Within the young target audience for this campaign, it is probably fair to assume that a circle of friends will be well aware of any sensitivities around receiving commercial e-mail. The trick is to make the reward attractive enough to overcome any resistance, and also to behave in a responsible manner once that data has been acquired.

Something of a shift is taking place within the on-line marketing community, however. The U.K. and eight other countries, have signed up with the U.S. DMA’s e-mail preference service. In Lloyd’s view, operating a suppression file of this sort deals with the concerns of those ISPs and others.

But some commercial organizations are taking a longer- term perspective. “Opt-in is not the law,” says Bruce Robertson, e-commerce marketing manager for Cornhill Insurance, a major U.K. insurance provider and also a high volume direct mailer.

“But if it does change in a couple of years and you have got hundreds of thousands of addresses collected under opt-out, then you have a problem.”

Robertson believes that “there is definitely more sensitivity among consumers about receiving e-mail. With direct mail, you can immediately identify it and, if you are not interested, make a decision to throw it away without opening it.” As a marketer, Robertson only wants to communicate with people who are interested in the product in any case. Opt-in e-mail makes this easier to achieve.

Cornhill executives are now debating the question of how to capture e-mail addresses. At the moment, it is unlikely that multiple options will be offered to customers and prospects. “If we want to send news and views about the company generally, it doesn’t matter what product they were interested in,” Robertson says. “Even if they were only interested in motor insurance, we all know that once they have a policy with you, they are more likely to purchase from you as long as you provide a good service.”

Gaining permission to market through e-mail by offering an opt-in is therefore the simplest solution. In the context of data collection by third parties, however, the type and complexity of those permissions is growing. In addition to an overall opt-in, consumers are being asked to specify what type of companies they would like to be e-mailed by, even if they do not know exactly which companies will be using their data in the future.

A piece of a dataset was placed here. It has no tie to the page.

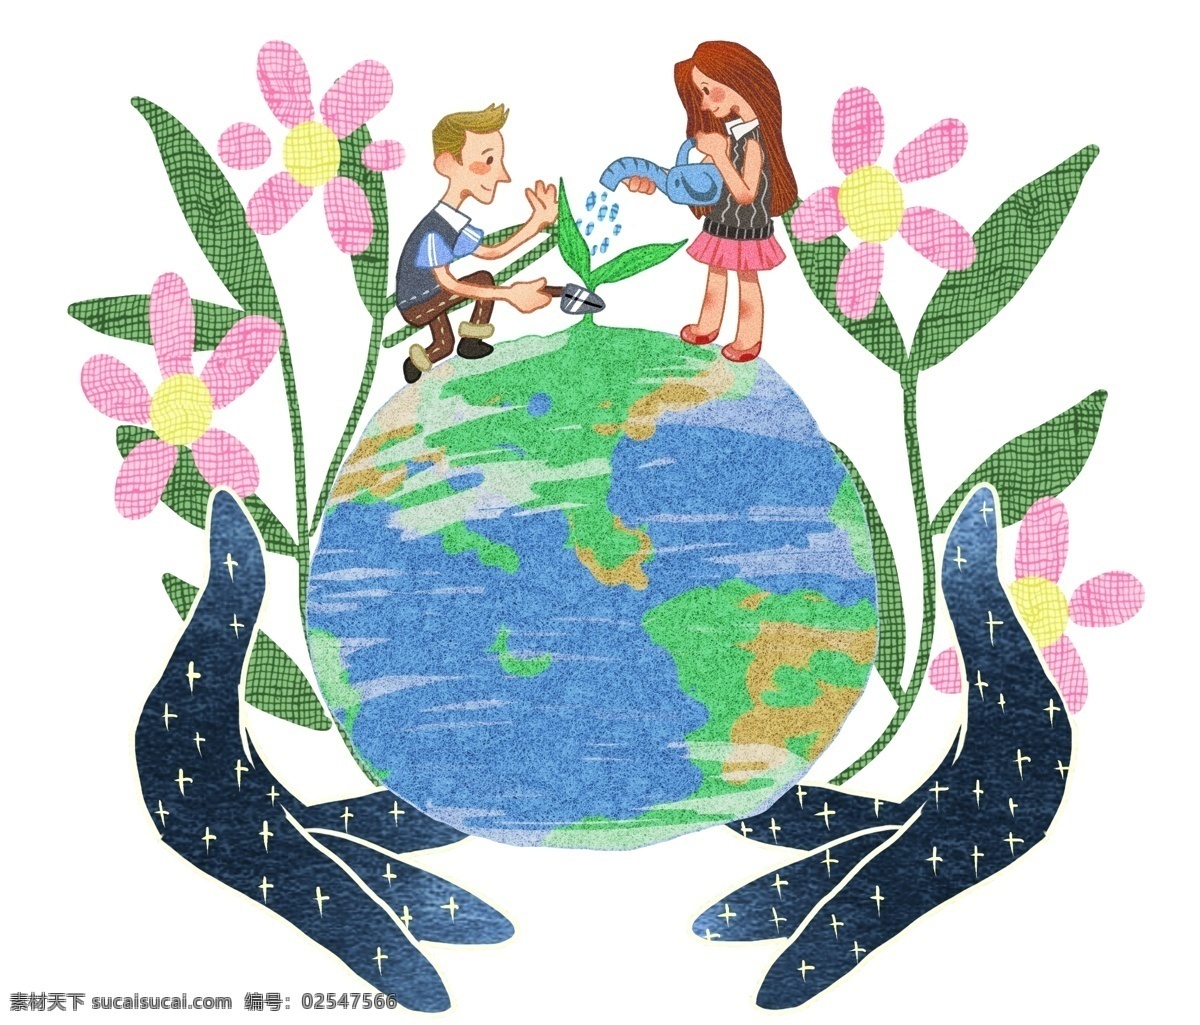 世界 地球日 保护 地球 世界地球日 保护地球 保护环境 卡通森林 绿色地球 绿色森林 绿色环境 小朋友 卡通

“Our feeling is that the standard requirement is that people should knowingly give their permission, rather than relying on opt-out,” says Ivan Southall, director of The E-mail Bureau. His company operates the MyOffers.co.uk site, which offers entry into prize drawing in return for e-mail addresses and other data. It also runs ok-mail.co.uk, which acts as the e-mail registration pop-up on other companies’ Web sites.

“When you get e-mail, you can’t do anything other than download it,” Southall says. “If all you then get are unwanted ads, you will get fed up and response rates will go through the floor. As a fledgling industry, we are trying to establish standards as early as possible that people trust.”

It is in the gap between the practice and the regulations that the European DM trade bodies might be falling out of step with their members. While FEDMA tries to fend off the threat of opt-in as a point of principle, its members are offering it as a marketing badge of honor. The danger is that the legislators will see that opt-in is routinely being offered and decide it should be formalized.

At the DMA (U.K.), Lloyd is concerned that online marketers might not have realized the dangerous precedent they could be setting. “Once you use opt-in in one medium, it could bring down the whole pack of cards,” he says. Direct marketers might be happy to offer opt-in on e-mail addresses now. But if they had to re-acquire all their direct mail addresses in the same way, that attitude would soon change.